Thank you for your thoughts. Indeed, many patients haven’t idea what TCM means, or they come in thinking that TCM is something that they can be given like an aspirin.

I personally shy away from “alternative” medicine because in actuality, the AMA brand of medicine is the “alternative.” Medical professionals were using acupuncture and herbology and their associated paradigms long before current “Standard Care” medical models were established.

And I agree with you that acupuncture vs dry-needling is a big issue, and one that threatens acupuncturists’ scope of practice. A physiatrist, physical therapist, or any non-trained or even 300-hour course trained physician is going to be a poor substitute for a true acupuncturist. Dry-needling techniques are in my opinion, a great substitute for procures such as trigger-point release that would otherwise be done with a more traumatic instrument such as a hypodermic injection needle, but are simply symptomatic and are no substitute for a complete acupuncture treatment.

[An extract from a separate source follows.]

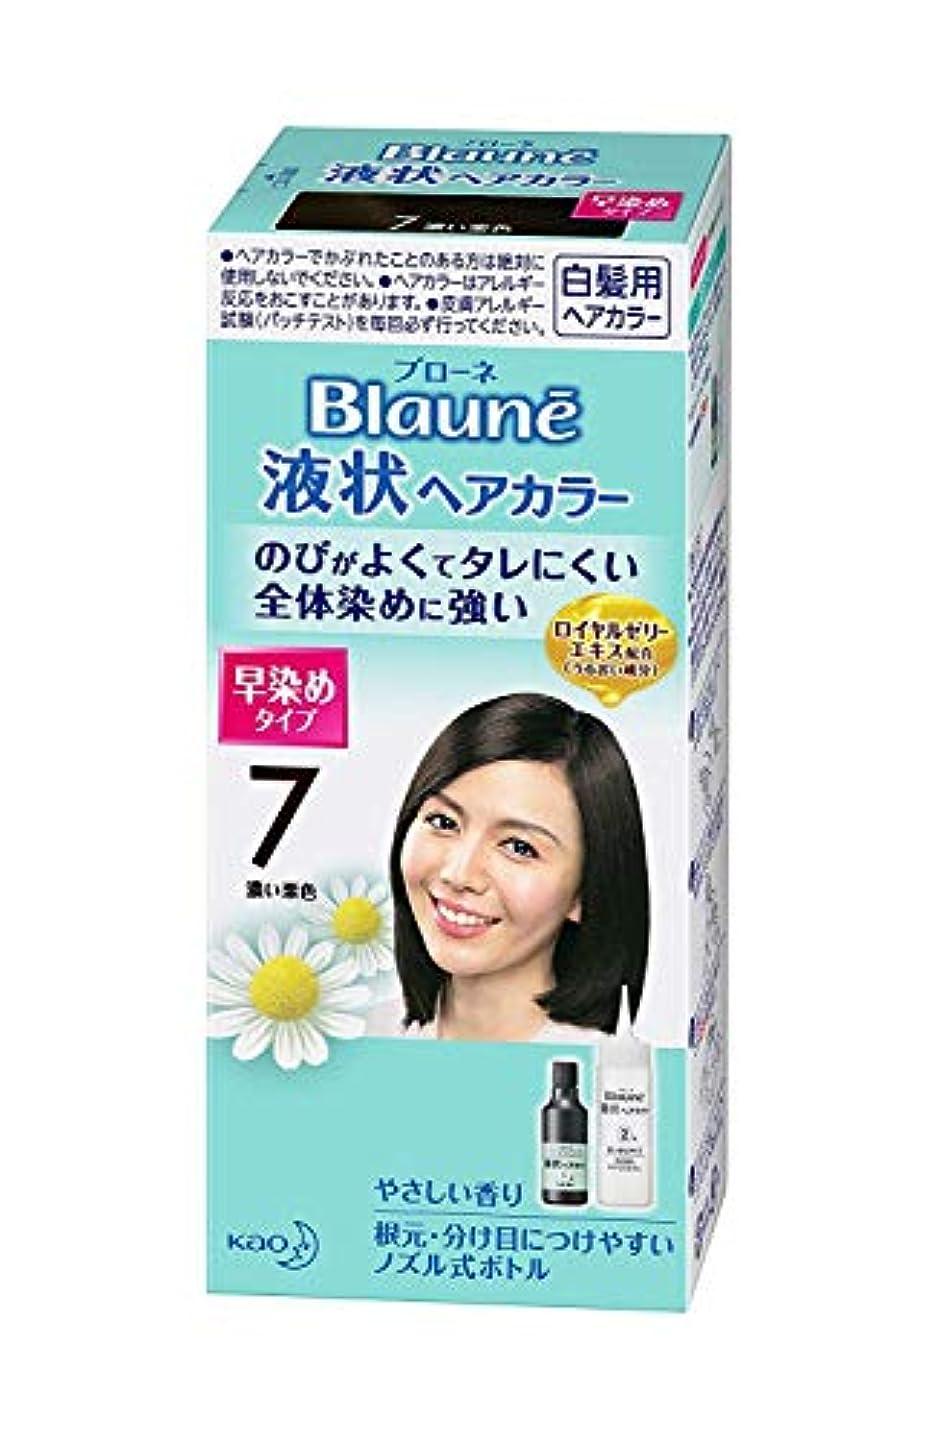 スプリットアレルギーくすぐったい【花王】ブローネ 液状ヘアカラー 7 濃い栗色 90ml ×20個セット

That however, is a much bigger issue that deals with patient/PCP information and knowledge.

Rachel Hartstein
Reply

I so agree with this topic and your arguments! “TCM” leaves out so many people, and so much of what we do. However, “acupuncture” ay leave out much of what we do as well (cupping, moxibustion, bloodletting, etc which is well within our scope of practice – at least here in MA – as acupuncturists) and may also alienate those needle-phobes. I’ve been using the acronym TEAM (traditional East Asian medicine) instead of OM for the obvious reason, plus I really like that the acronym itself implies that I am part of a patient’s healthcare TEAM!!!

Sara
Reply

TEAM! Love it, Rachel! Thanks for sharing.

Sara

David Simpson
Reply

Rachel,

Thank you for your thoughts. You are right I think, in that “acupuncture” is the world’s best kept secret. My argument for acupuncture itself is both for simplicity and for precedent. As one example: surgeons use scalpels, retractors, forceps, drills, and a litany of other tools and are still just “surgeons.” I believe that professional titles carry with them their entire scope of practice.

As for folks who are needle phobic, they won’t come to an acupuncturist anyway. Acupuncture with needles I feel, is the “least weird” of what we do. Offering a needlephobe the alternative of drinking-glass sized bruises or burning herbs on their body, is not offering sufficiently comforting options.

As for TEAM, I think that is best used in individual practice, but not as an industry standard. The majority of practitioners I would argue, as TCM practitioners, are not “traditional” as I stated above. And based on my experience in that region of the world, “East Asia” does not understand what East Asia is as a concept, and it excludes European developments of the medicine.

But for your practice and as a way to differentiate, I say go for it!